Directions for this task
Repeat the listing below in full and exactly. Pictures are to be omitted.

Data shown

•••••

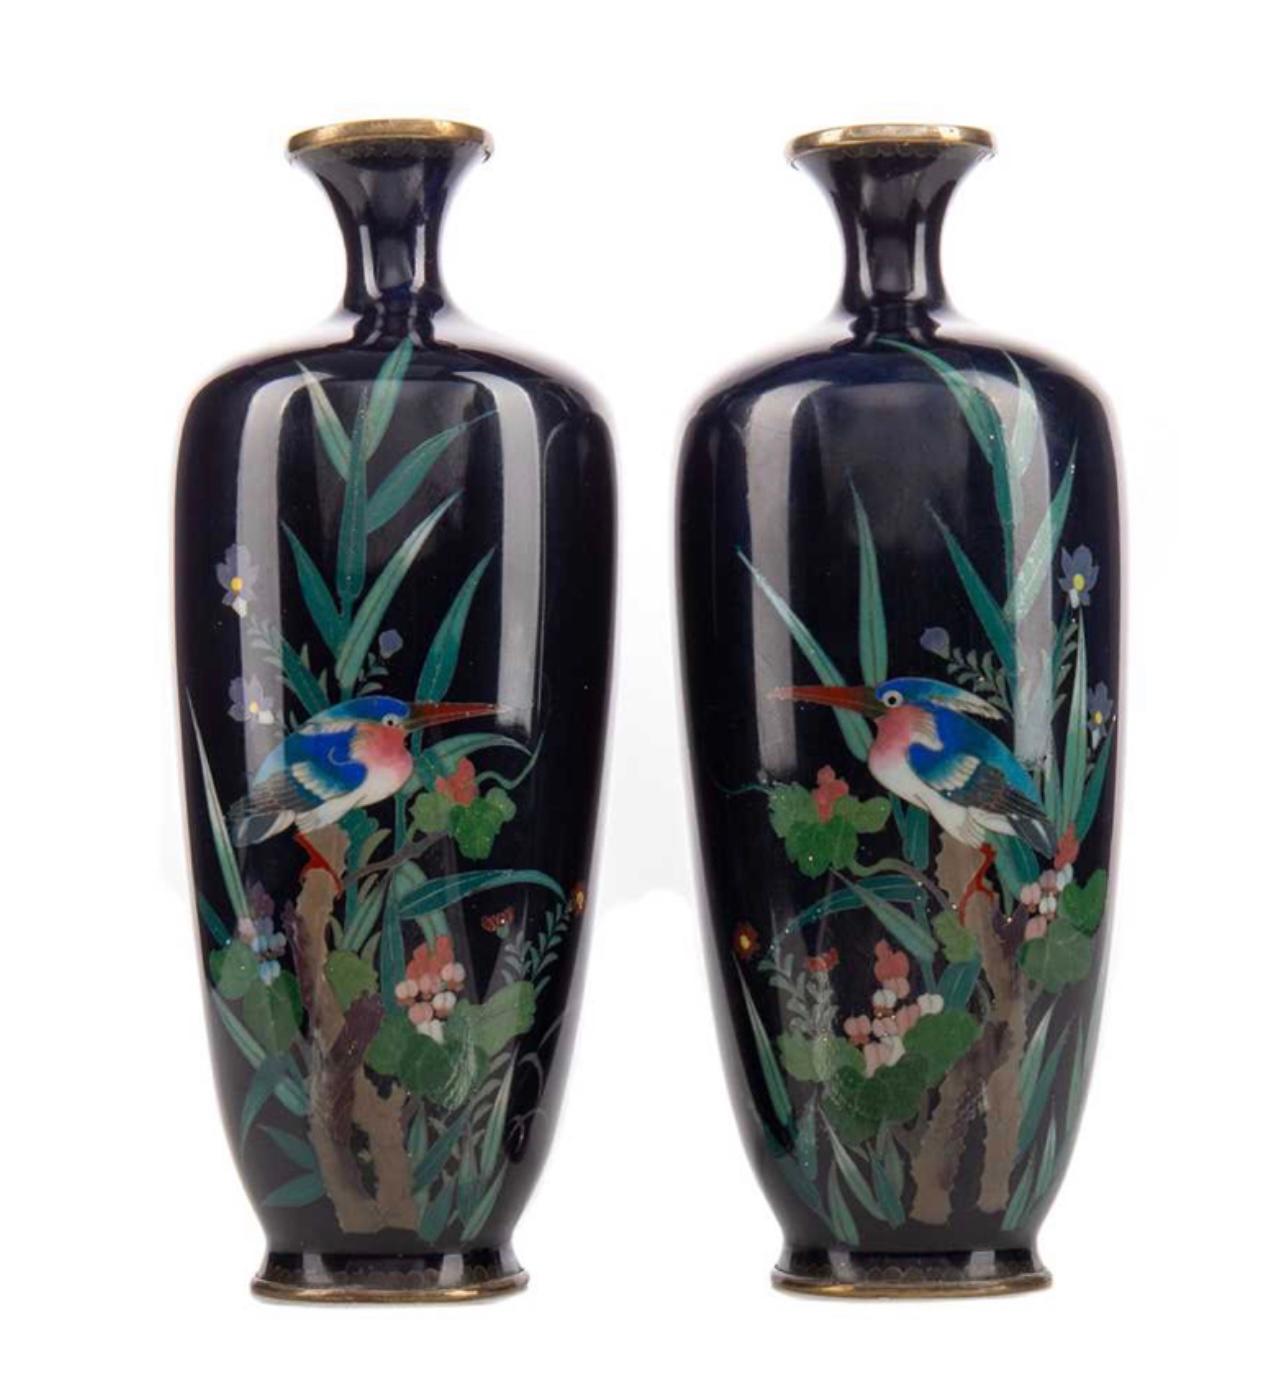 A Fine Opposing Pair of Japanese Cloisonne Enamel Vases. 19th Century.

OPPOSING PAIR OF JAPANESE CLOISONNE ENAMEL VASES, Meiji Period (1868-1912), worked in silver wire and decorated with a kingfisher perched amongst flowers and leaves, against a
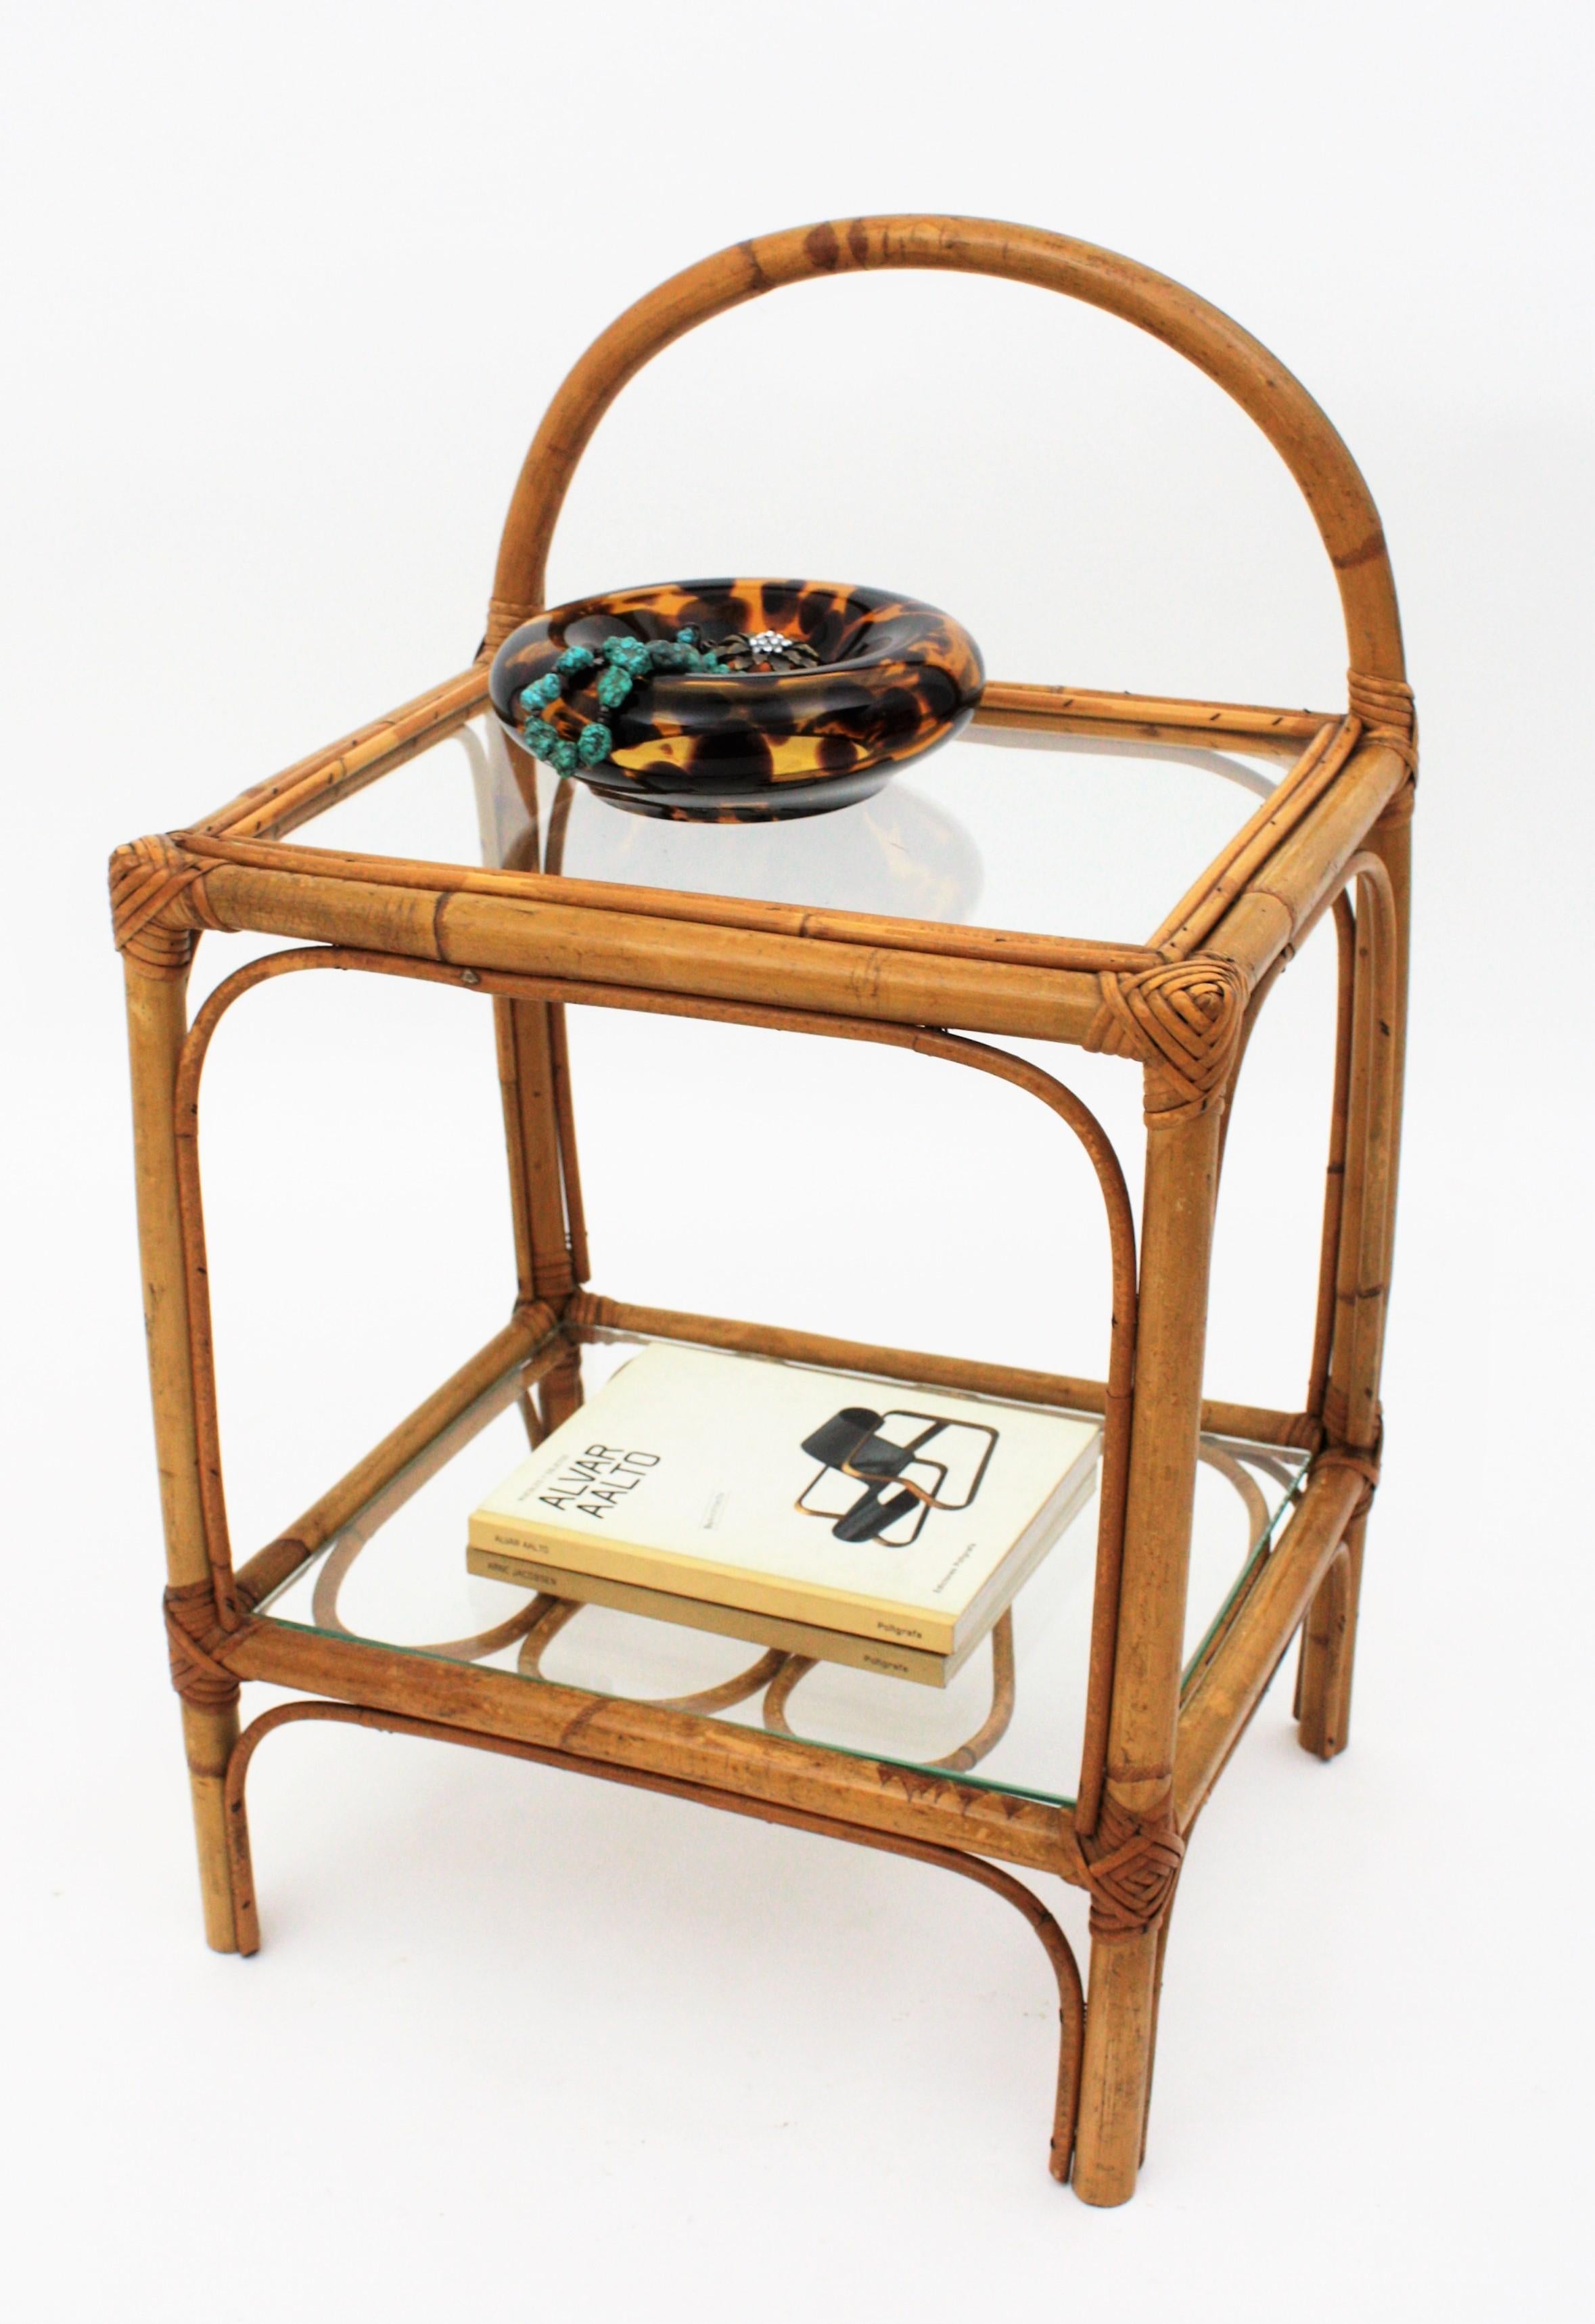 Handcrafted bamboo and rattan Mid-Century Modern table with rattan adorned shelf and glass top, Spain, 1950s.
Use it as bedside table, side table or end table.
Beautiful to be placed indoor in a Mediterranean or Tiki decoration, but also lovely to

•••••

Solution
 A Fine Opposing Pair of Japanese Cloisonne Enamel Vases. 19th Century.

OPPOSING PAIR OF JAPANESE CLOISONNE ENAMEL VASES, Meiji Period (1868-1912), worked in silver wire and decorated with a kingfisher perched amongst flowers and leaves, against a
 Handcrafted bamboo and rattan Mid-Century Modern table with rattan adorned shelf and glass top, Spain, 1950s.
Use it as bedside table, side table or end table.
Beautiful to be placed indoor in a Mediterranean or Tiki decoration, but also lovely to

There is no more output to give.